JP4002876B2 - stator - Google Patents

Description

The present invention relates to a stator (stator) of a motor, in which an annular yoke laminate and a substantially T-shaped magnetic pole laminate are separately manufactured, and a winding body (for example, a winding is applied to the magnetic pole laminate). In particular, the present invention relates to a split structure type stator assembled with a yoke laminate.

The stator is wound around the magnetic pole in order to improve the motor output, increase the efficiency, or reduce the size while maintaining high efficiency. As a means to perform winding to the magnetic pole easily and with good space factor, the stator core is divided into a yoke part and a magnetic pole part, and the winding is wound around the magnetic pole or a coil winding bobbin is mounted.
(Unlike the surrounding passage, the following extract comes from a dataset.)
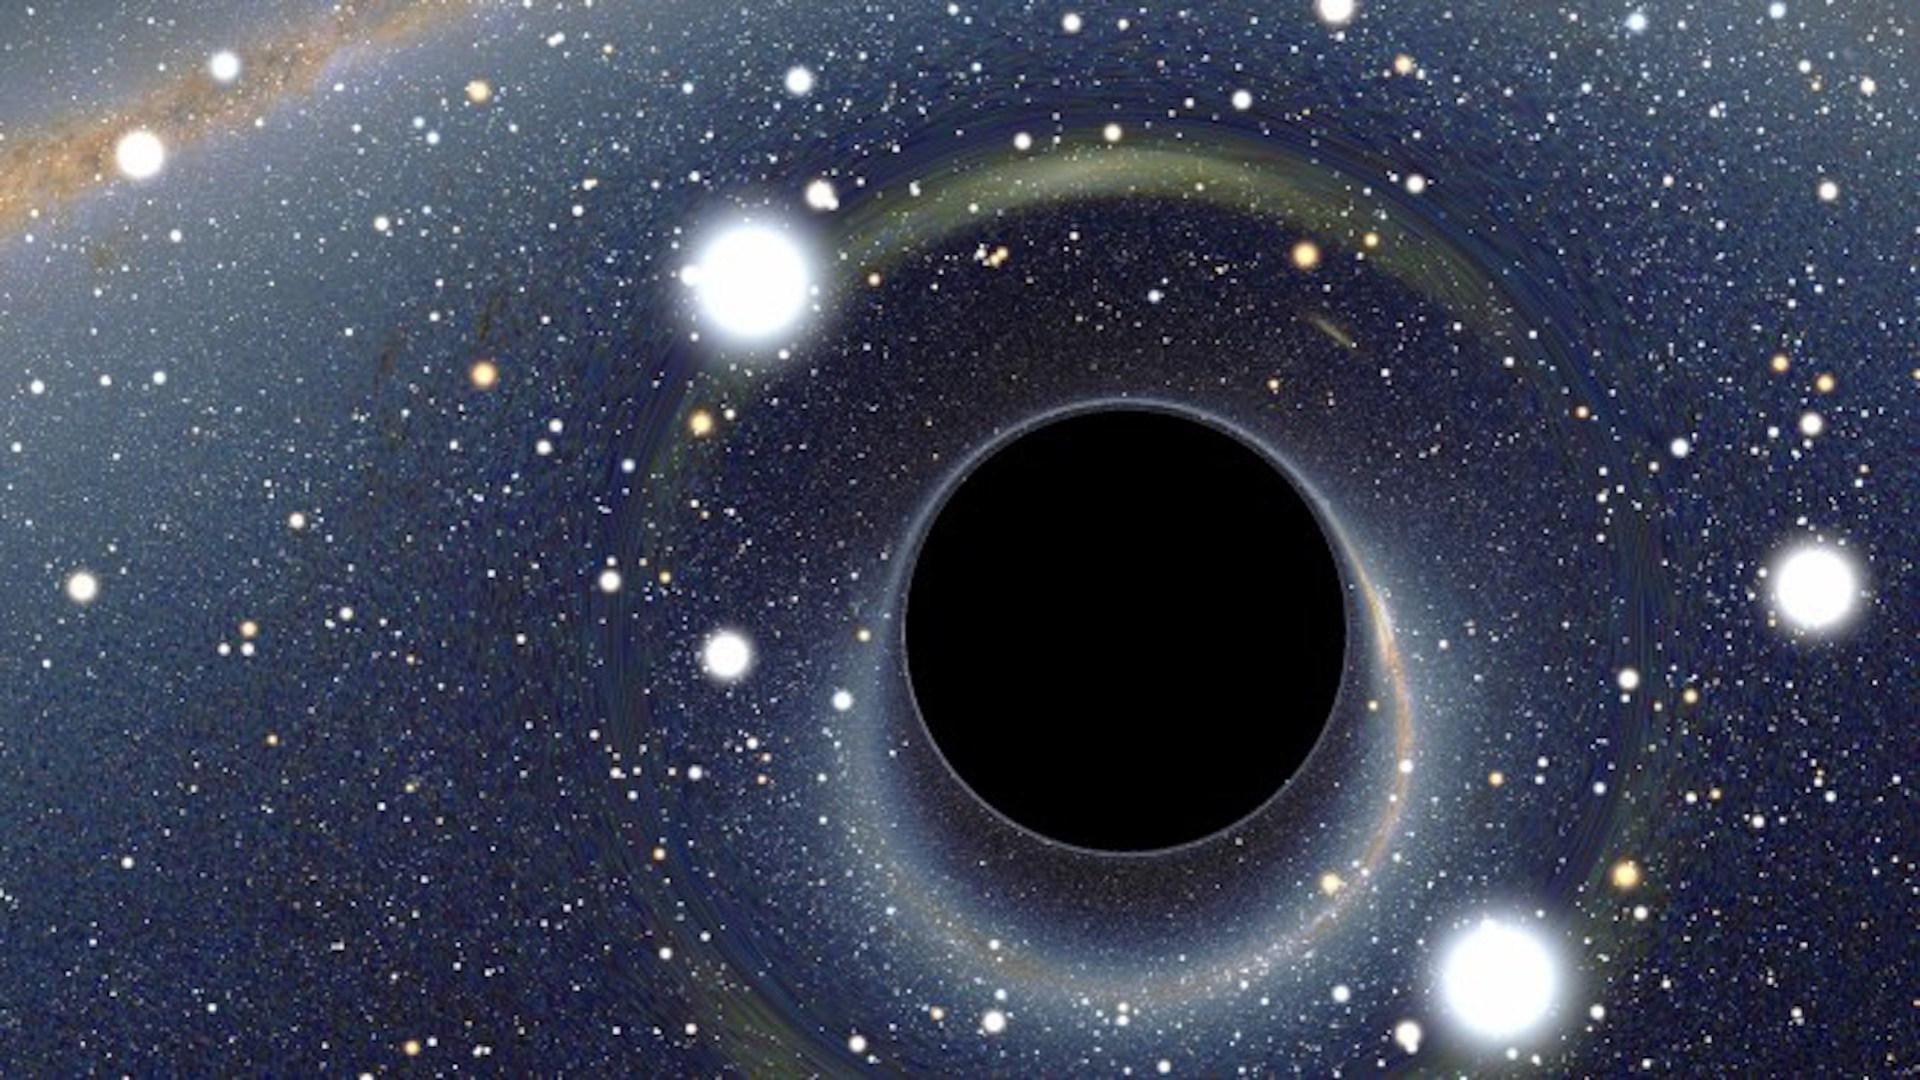 Sonderbares Sonnensystem entdeckt: Der Stern dreht sich falschrum - WinFuture

After that, both are assembled (for example, refer to Patent Document 1).
For example, as shown in FIG. 6, a plurality of (for example, 8) fitting holes are provided on the inner side of the yoke laminate 50 as an assembly connecting means for the conventional yoke laminate (yoke portion) and magnetic pole laminate (magnetic pole portion). 51, and the base side of the shaft portion 52a of the magnetic pole stack 52 is assembled into each of the fitting holes 51, and a semicircular cutout 53 is formed in the shaft portion 52a of the magnetic pole stack 52. A semicircular cutout 54 coinciding with the cutout 53 is formed at a predetermined position of the fitting hole 51, and the shaft portion 52a of the magnetic pole laminate 52 is inserted into the fitting hole 51, and the cutout 53 facing each other is formed. The magnetic pole laminate 52 on which the winding has been applied is fixed to the yoke laminate 50 by press-fitting rivets into the holes formed by combining 54. Reference numeral 56 denotes a coiled bobbin provided with a winding, and 57 denotes a stator.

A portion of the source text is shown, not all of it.